A cylindrical pore of ~7.5 Å diameter containing a one-dimensional water wire, within the confines of a hydrophobic channel lined with the valine side chain, has been observed in crystals of the peptide Boc-D-Pro-Aib-Val-Aib-Val-OMe (1) (Raghavender et al., 2009, 2010). The synthesis and structural characterization in crystals of three backbone homologated analogues Boc-D-Pro-Aib-β³(R)Val-Aib-Val-OMe (2), Boc-D-Pro-Aib-γ⁴(R)Val-Aib-Val-OMe (3), Boc-D-Pro-Aib-γ⁴(S)Val-Aib-Val-OMe (4) are described.

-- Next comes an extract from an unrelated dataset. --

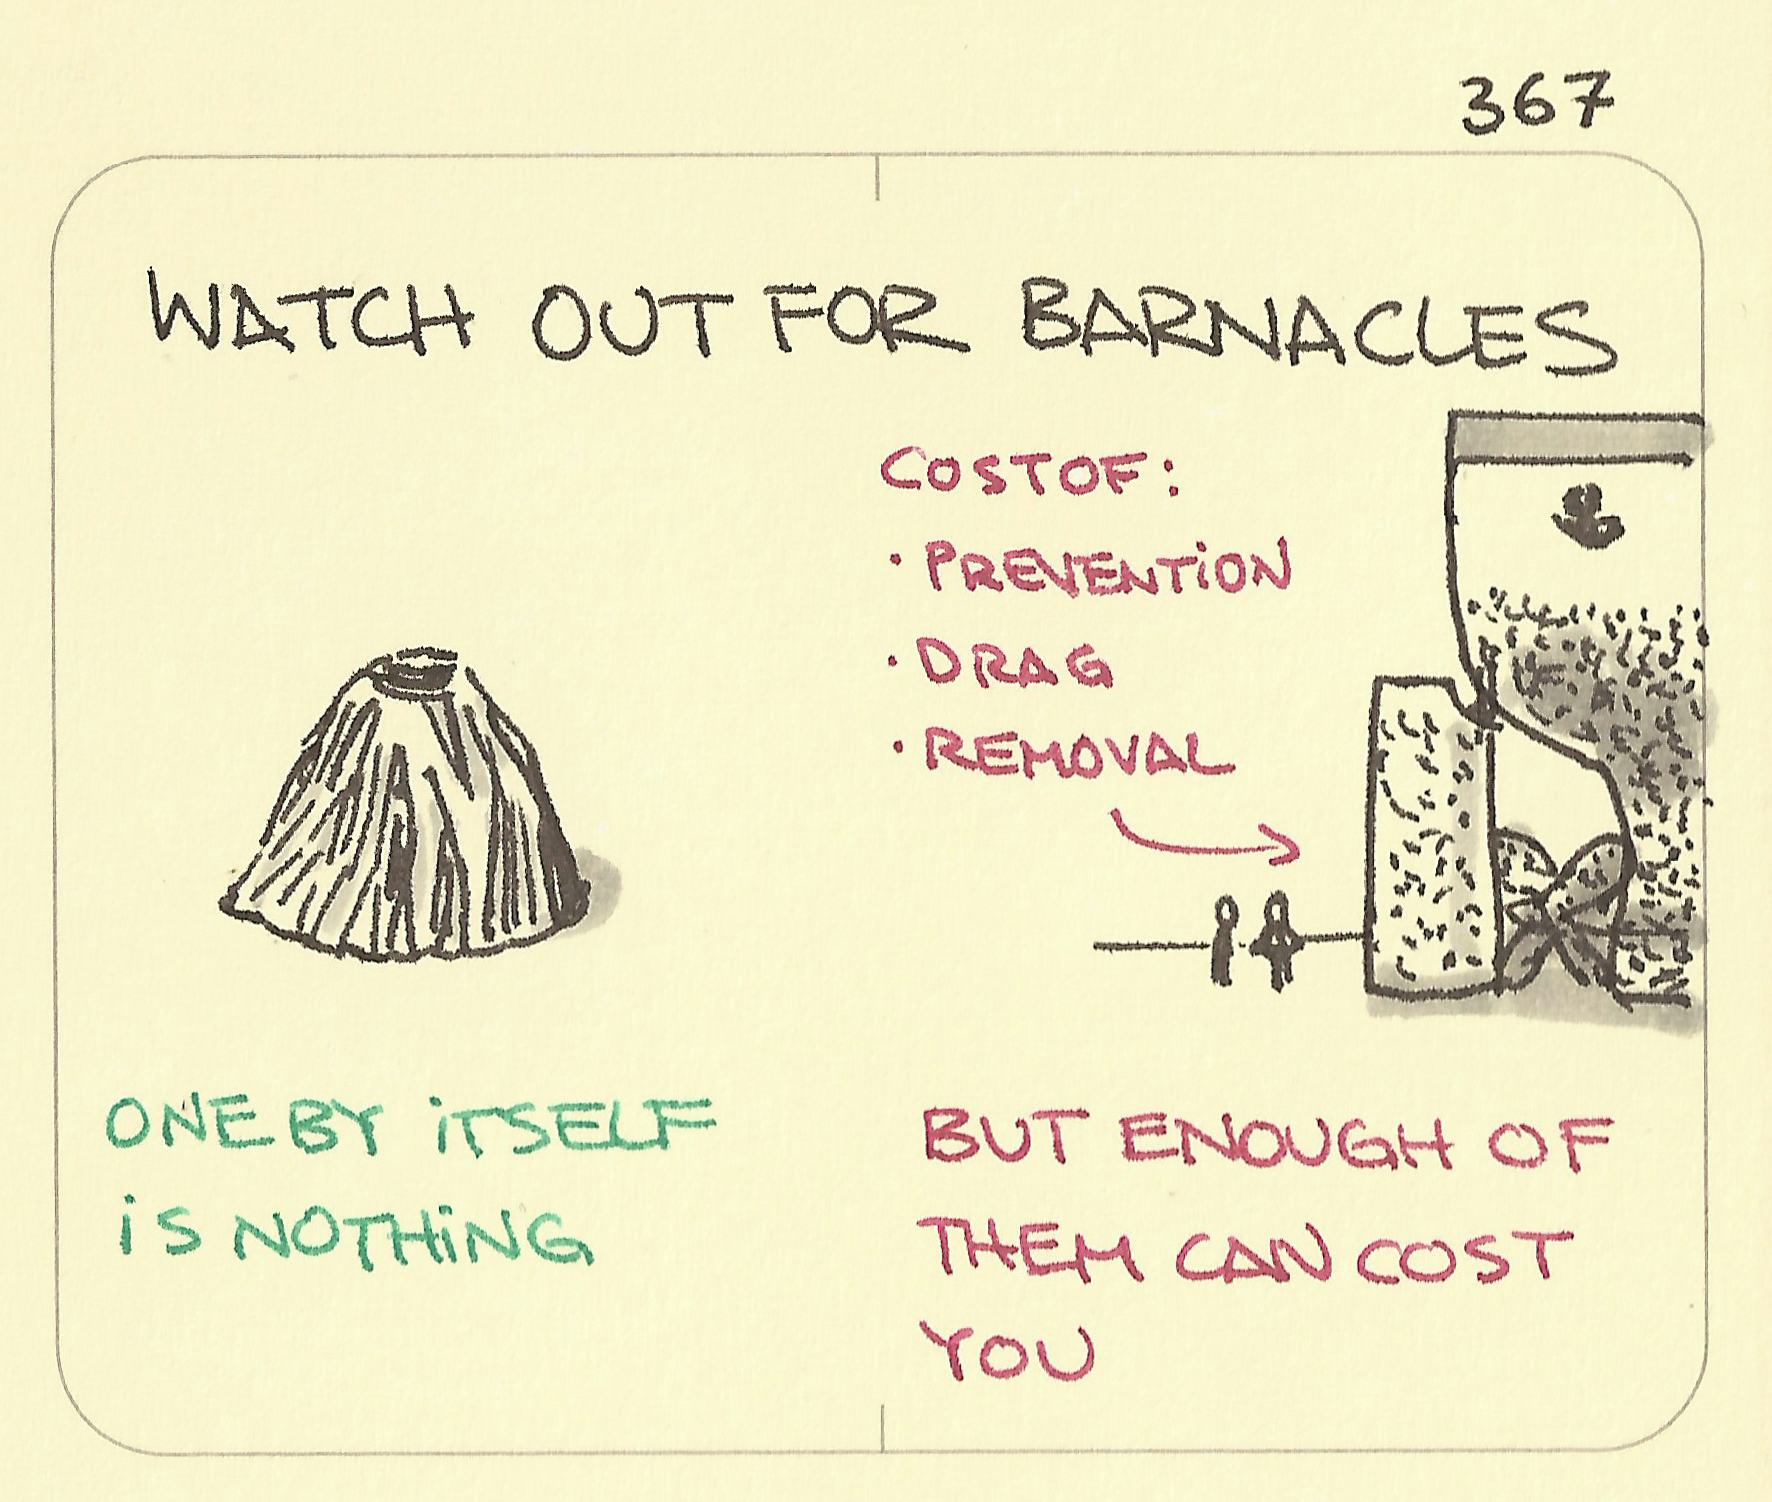 Watch out for barnacles - Sketchplanations

Crystal structures of peptides 2, 3 and 4 reveal close-packed arrangements in which no pore was formed. In peptides 2 and 3 the N-terminus D-Pro-Aib segment adopted conformations closely related to Type II' β-turns, while residues 2-4 form one turn of an αα right-handed C₁₁ helix in 2 and an αγ C₁₂ helix in 3. In peptide 4, a continuous left-handed helical structure was observed with the D-Pro-Aib segment forming a Type III' β-turn, followed by one turn of a left-handed αγ C₁₂ helix.